Should we dismiss internet polling out of hand? No. But we should understand that internet polling is still an R&D project rather than a fully developed statistically justified methodology. Random sampling theory is settled science and remains the basis of live interview telephone polls (mostly including cell phones now). While non-response is a significant issue in these polls, the underlying theory of sampling is not subject to serious criticism. In contrast internet based polls (mostly) start with self-selected volunteers who sign up to participate in online “panels” of respondents. (Some online polls, such as those pioneered by Knowledge Networks, recruit panel members in whole or in part by first selecting a random telephone sample and then asking telephone respondents to join the panel. This mitigates the sampling issue but still involves another step of selection from phone to participation online.) Whatever the virtues of online panels, strict random sampling from the population is not one of those virtues. And that means the theory of inference based on random sampling does not apply. For some “fundamentalists” that is the end of the story and grounds for dismissal of all online polls.
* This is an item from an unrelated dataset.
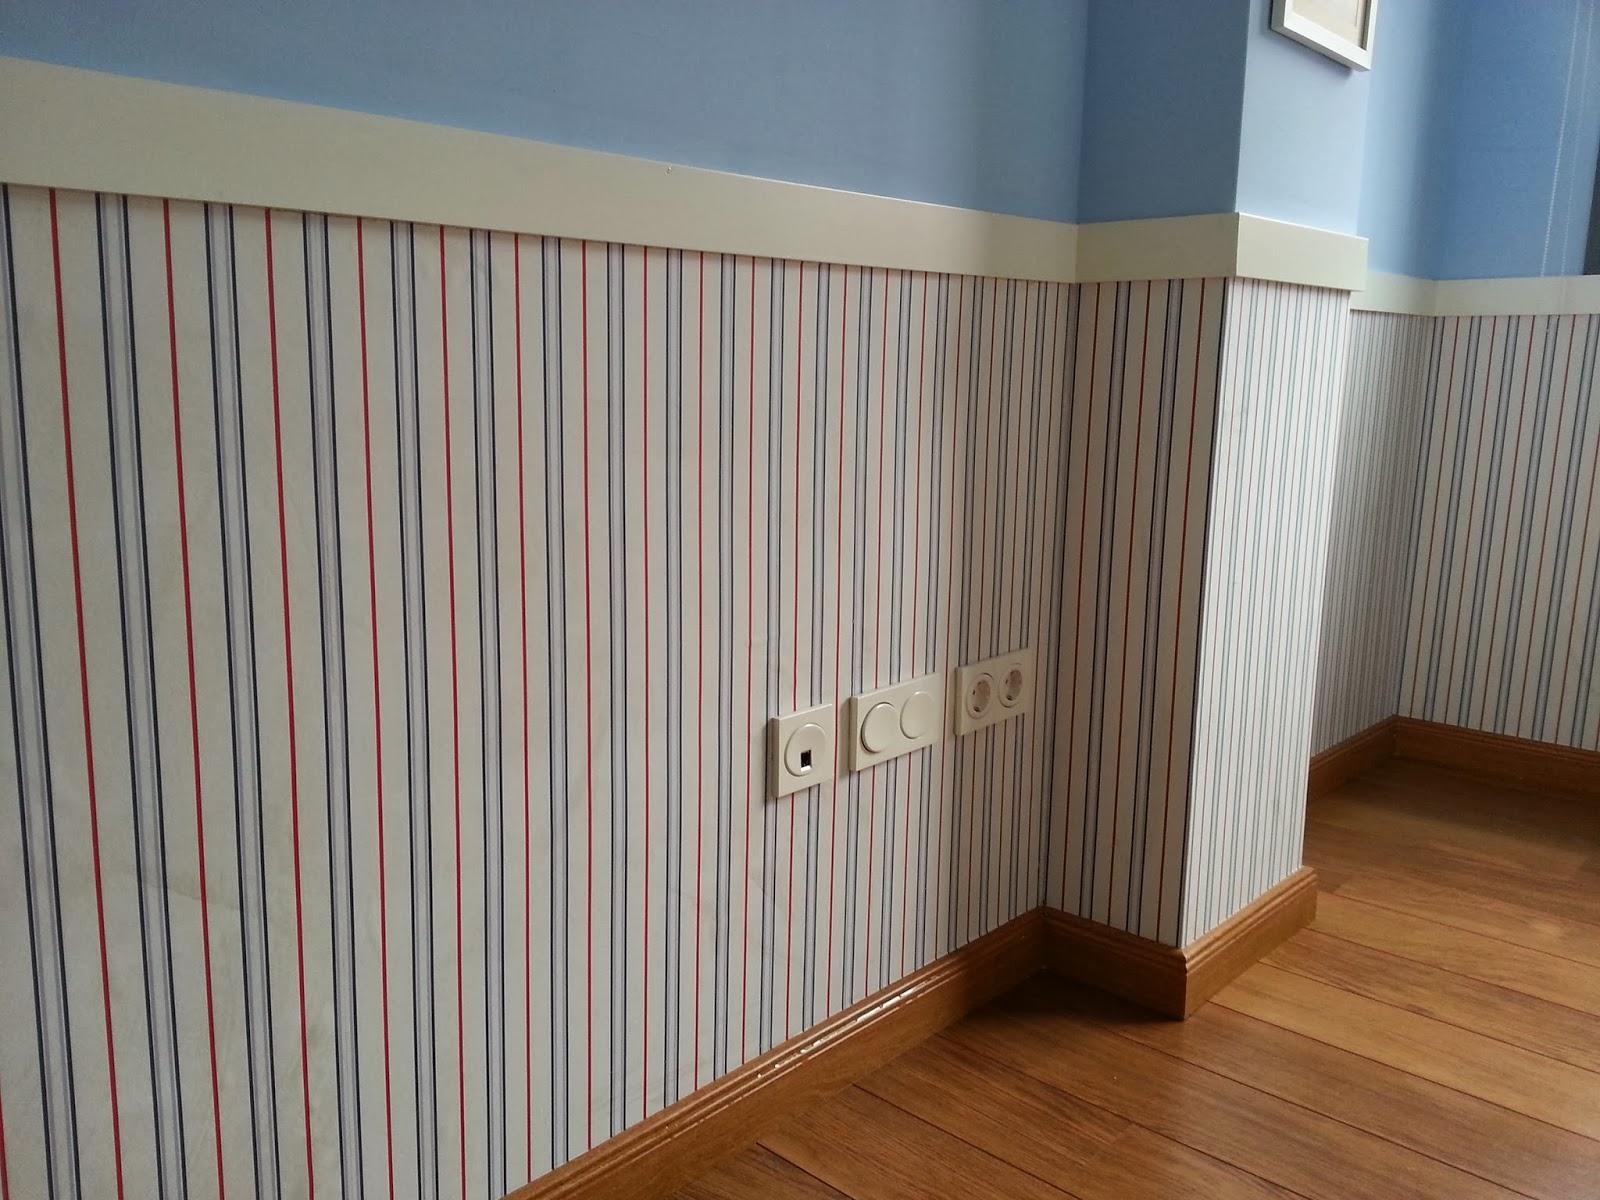 Papeles pintados y decoraciones en general para j venes y - Papeles pintados para pasillos ...

I do not count myself among the fundamentalists, though it is foolish to dismiss their concerns cavalierly.
Smart stats guys point out that even randomly selected telephone respondents are not perfect examples of statistical theory. With response rates usually under 20% (depending on how response rate is calculated and there are some issues here) there is a lot of self-selection in telephone polls as well. Most pollsters compensate for differential non-response by weighting the data to account for several known demographic characteristics, which is a standard and justifiable practice, but that is a simple form of statistical modeling that is moving beyond the pure theory of random sampling. So this point of view says once you start modeling, why not admit it and embrace it with either phone or internet samples.
A problem is that the “right” way to model the sample selection in online polls is not settled science. Some really smart people have developed sophisticated methods to compensate for this problem. But other online pollsters have different methods, some equally sophisticated but different, some just “different”. And there might be a charlatan or two out there as well. This is normal at the R&D stage of science. But it means that we have not come to any consensus about how to model internet panels “correctly”.
At the very least this uncertainty would seem to require more clarity and transparency when results from internet based polls are presented, especially from respected news organizations such as Reuters.
(Disclosure: In the past I had a business relationship with Polimetrix, now YouGov/Polimetrix, a prominent internet pollster.)